Brian Keane: “Driving While Black”

Driving While Black — a 2-hour documentary — premieres nationally on PBS tonight (Tuesday, October 13, 9 p.m. EDT).

The film explores the history of race-based restrictions on mobility in the US, including slavery, segregation, the very real dangers of traveling in many parts of the country, the construction of highways through politically powerless black neighborhoods, and the current dangers of “driving while black.”

The Ric Burns project was fast-tracked after the deaths of George Floyd and Jacob Blake this summer.

https://vimeo.com/user37094368/review/447854802/8a255e1270

Working at that furious pace was Brian Keane. The 1971 Staples High School graduate scored the music.

Keane — an Emmy-winning composer with 20 nominations — has worked on most of Burns’ films. He’s also adept with music from many cultures, having scored the only Academy Award-winning Chinese documentary ever (“The Blood of Yingzhou District”).

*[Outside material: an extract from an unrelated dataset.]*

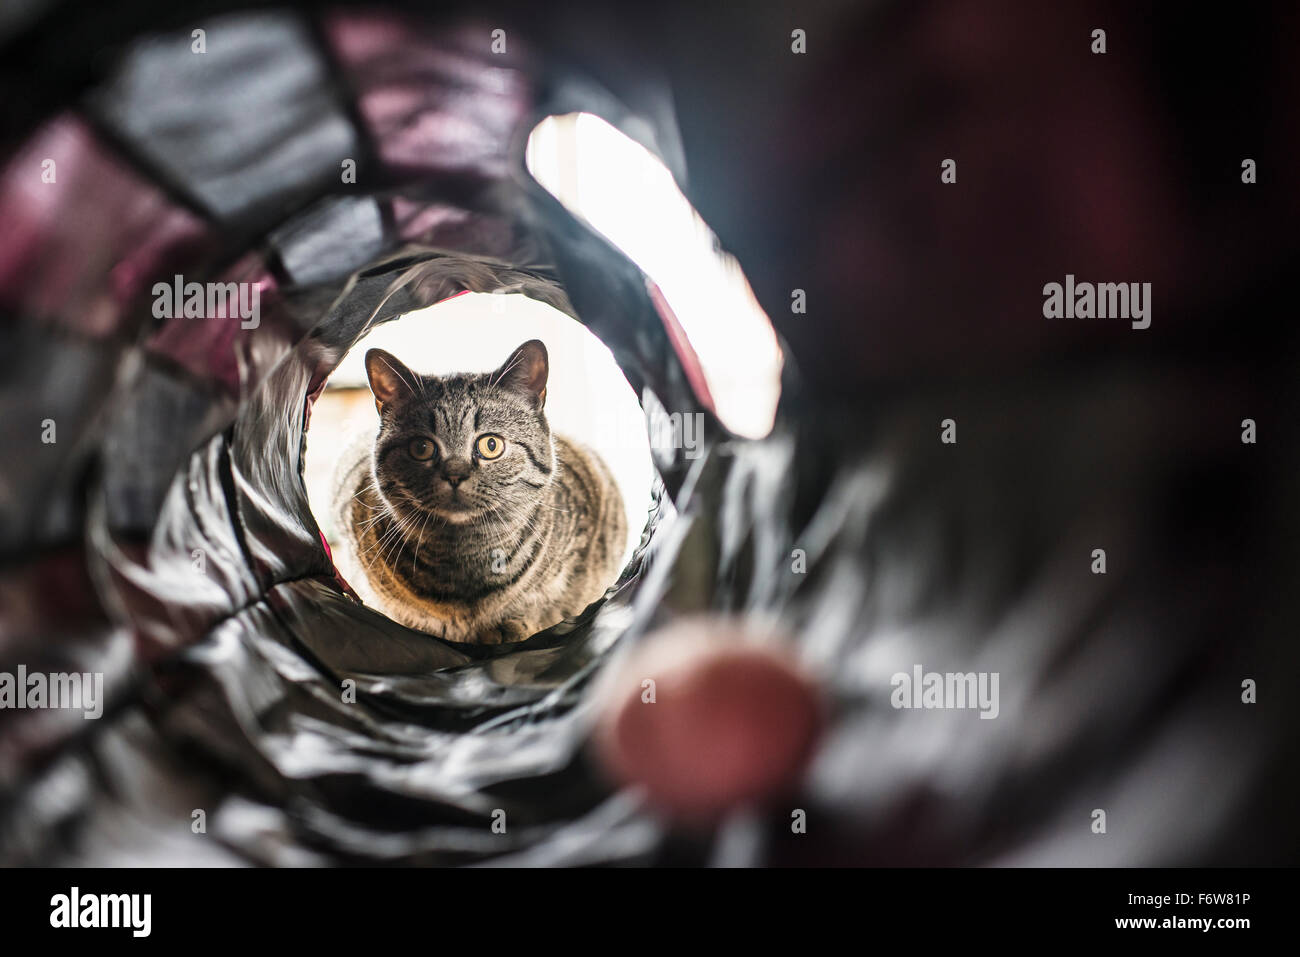 Playful cat on adventure. Playing inside pet toy, looking at camera. Stock Photo

Keane is noted too for his work with Turkish music and Omar Faruk Tekbilek (he sold out Carnegie Hall in 2018, and similar venues worldwide). He also scored Grammy-winning Irish music with the Chieftains, and produced Linda Ronstadt singing Mexican tunes.

Just as important for Driving While Black, Keane scored the music to Henry Hampton’s films.

He was America’s first major Black documentarian. his 1980’s multi-part television show “Eyes on the Prize” is a classic.

In the 1980s and early ’90s, there were few minorities in television production. Hampton used his fame to hire top documentary professionals — mostly white — to mentor inexperienced Black men and women who wanted to learn the craft.

Keane was one of those mentors.

Brian Keane

Though the Driving While Black budget was small — and the turnaround time quick — Keane was eager to participate. The chance to influence millions of viewers, the timing and the subject’s importance all resonated.

Most of the musicians working with him were Black, and old friends. Singer Janice Dempsey told him, “music has no color.” As he worked, and talked, he realized that — without exception — his Black friends and the film’s musical collaborators have been affected by institutional racism.

Because of the rich history of black music in America — gospel, blues, jazz,  R&B, hip hop — and because many of his musician friends had been out of work due to COVID, Keane decided to use PBS’ limited  budget to hire great musicians.

He forwent his usual fee, opting to make “a soundtrack that would raise awareness further, but would also be compelling musically.”

The main theme took a 1947 Alan Lomax recording of Black prisoners singing while working in a chain gang. Keane set it to African and hip hop beats, scoring it with modern urban jazz elements, a viola de gamba to connect to colonial times, sound design, and tension atmospheres.

He says, “It gets across the point the film tries to convey: Racism has been part of America throughout its history, and still very much is today too.”

It includes Blues Hall of Famer Joe Louis Walker, jazz pianist Cyrus Chestnut, Grammy-winning trumpeter Randy Brecker, gospel artist Ada Dyer, and emerging socially conscious artists like Kyla Imani and Jermaine Love Songz.

Marion Meadows performs too. His cousin was shot 27 times and killed by police last year. The video of the incident was lost.

But this would not be an “06880” story without more local connections. Former resident play on the soundtrack too: Dan Barrett (cello) and Murali Coryell (electric guitar).

(Click here to download Brian Keane’s “Driving While Black” soundtrack.)

6 responses to “Brian Keane: “Driving While Black”

  1. Brian, kudos, looking forward to it!

  2. Amazing and important work of art, so looking forward to viewing this tonight!

  3. Michael Stroetzel

    Excellent!!!

  4. Dick Lowenstein

    It’s 11pm Tuesday. We just finished watching. Riveting and very relevant. For those who missed it, I think it will be streamed via PBS Passport.

  5. Thank you, Dan for this important and interesting information.

  6. Max Blanchard

    Dan, it is absolutely insane to me that you can make posts like this, and yet still not recognize or publicize through this platform that you have that our own Westport Police Department is racist. They are deeply complicit in the system that killed Breonna Taylor, George Floyd, etc. Shame on you.